Towers Watson Study Shows Global Pension Fund Assets Hit Record High in 2010

According to the latest research by consultant firm Towers Watson, US pension fund assets reached $15.3 trillion in 2010, up 11% from 2009, with global institutional pension fund assets hitting $26 trillion.

(February 7, 2011) — Research by Towers Watson has shown that global institutional pension fund assets in the 13 major markets increased by 12% during 2010 to reach a new high of $26 trillion.

The growth, according to the consultancy, reflects the continuation in the uptick in global pension fund assets which started in 2009 when assets grew 17%, following a severe drop the previous year when assets plummeted to 2006 levels.

“The global financial crisis is still with us and the ongoing aftershocks are a continual reminder that the nascent economic recovery is still very tenuous. While nervousness about the volatility of markets and extreme events is just below the surface, there is broad acceptance that this is the new normal and that investors will need investment strategies that are more flexible and adaptable than they have been in the past,” Carl Hess, global head of investment at Towers Watson, said in the report. “So while the recovery of the markets is to be welcomed, it should not distract from the major issues confronting the industry and the weaknesses in the system which governments and companies must face up to.”

Towers Watson global head of investment content Roger Urwin added “Notwithstanding the recovery in markets, asset allocation remains challenging as companies and trustees balance such priorities as long-term de-risking, short-term market opportunities, rebalancing or maintaining a strategic asset allocation mix. “These are complex decisions made more difficult in the context of highly changeable market conditions.”

According to the study by Towers Watson, pension assets now amount to 76% of the global GDP, substantially higher than the equivalent figure of 61% in 2008.

From a geographical perspective, the study also highlighted that on a relative basis, the UK has the highest exposure to equity of the seven largest markets, with Japan having the highest exposure to bonds.
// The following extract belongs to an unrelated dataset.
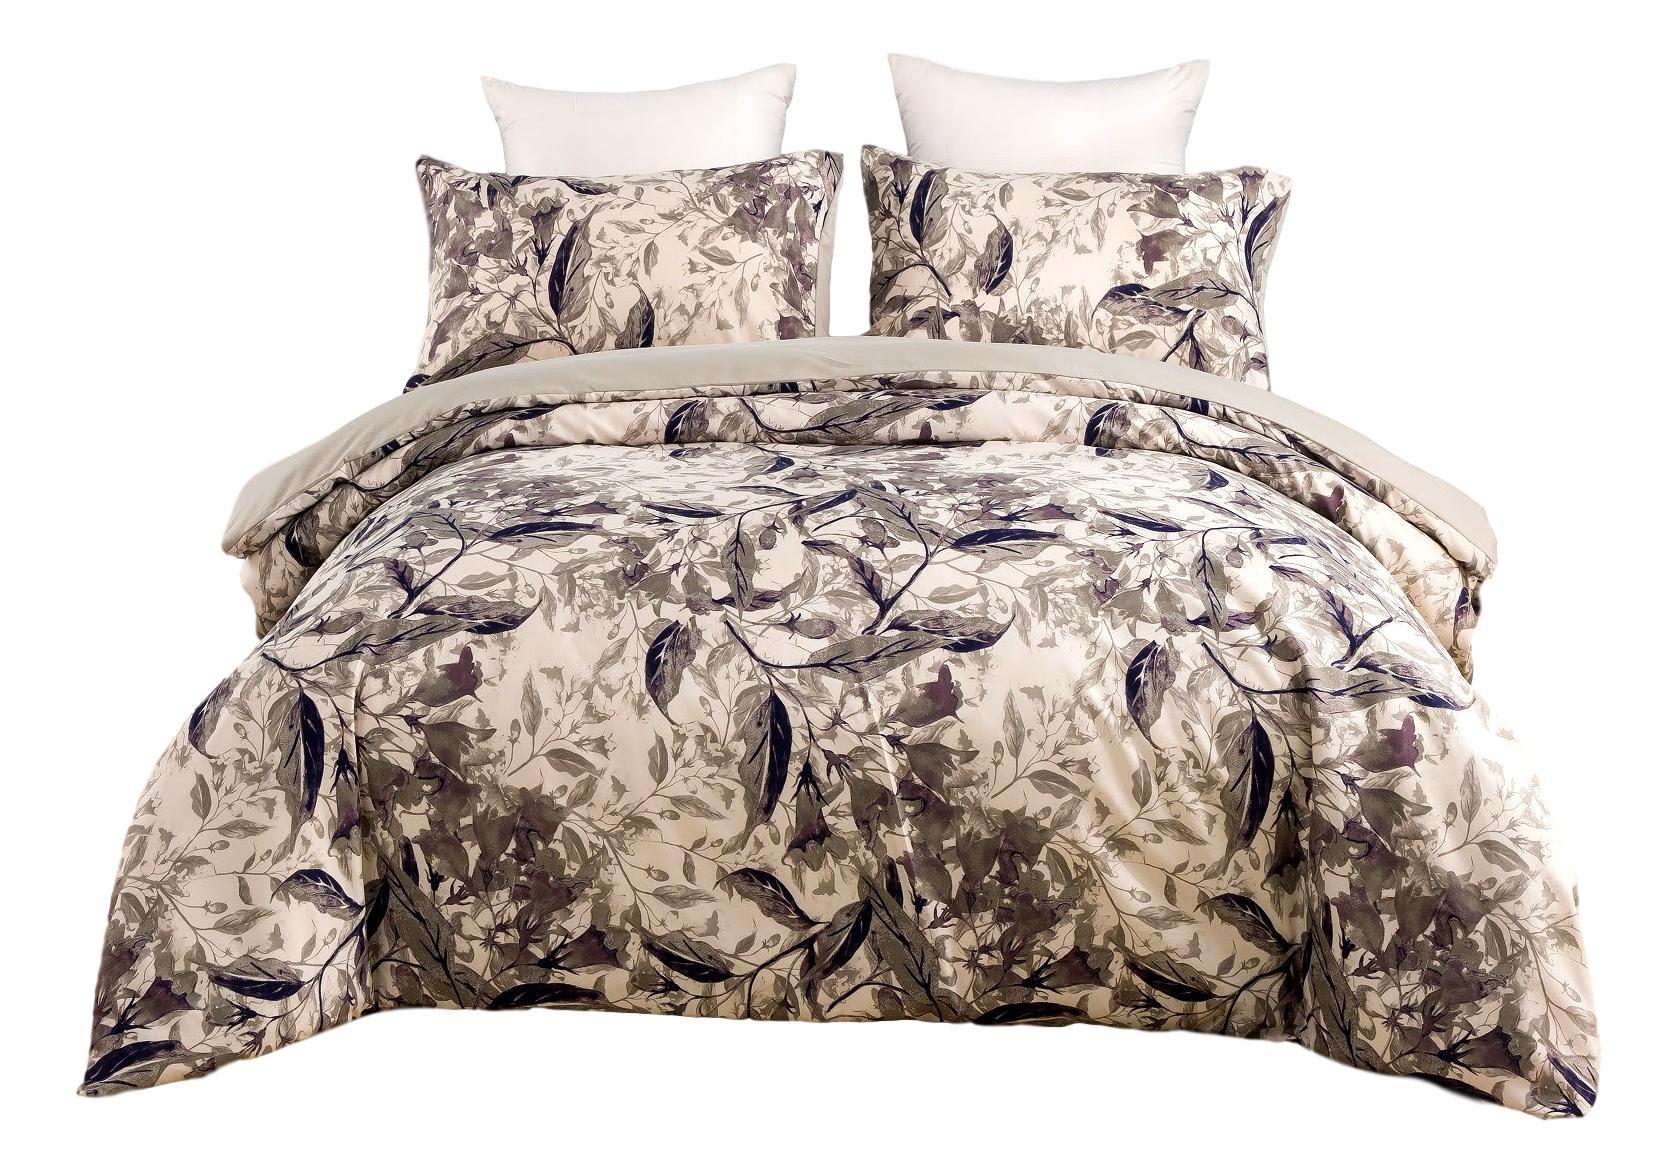 Tache Microfiber Abstract Wispy Leaf Taupe Grey Duvet Cover (JHW-843) - Tache Home Fashion

The Netherlands now has the largest proportion of pension assets to GDP (134%), followed by Switzerland (126%), US (104%), Australia (103%)and the UK (101%). In the past ten years, Canada, Ireland and France have seen the greatest fall in the ratio of pension assets to GDP of -19%, -3% and -1% respectively.

Additionally, the research found that the fastest growing pension market is Brazil, which has a ten-year compound annual growth rate in local currency of 15%. South Africa has grown at 13%, Hong Kong at 11% and Australia at 10%.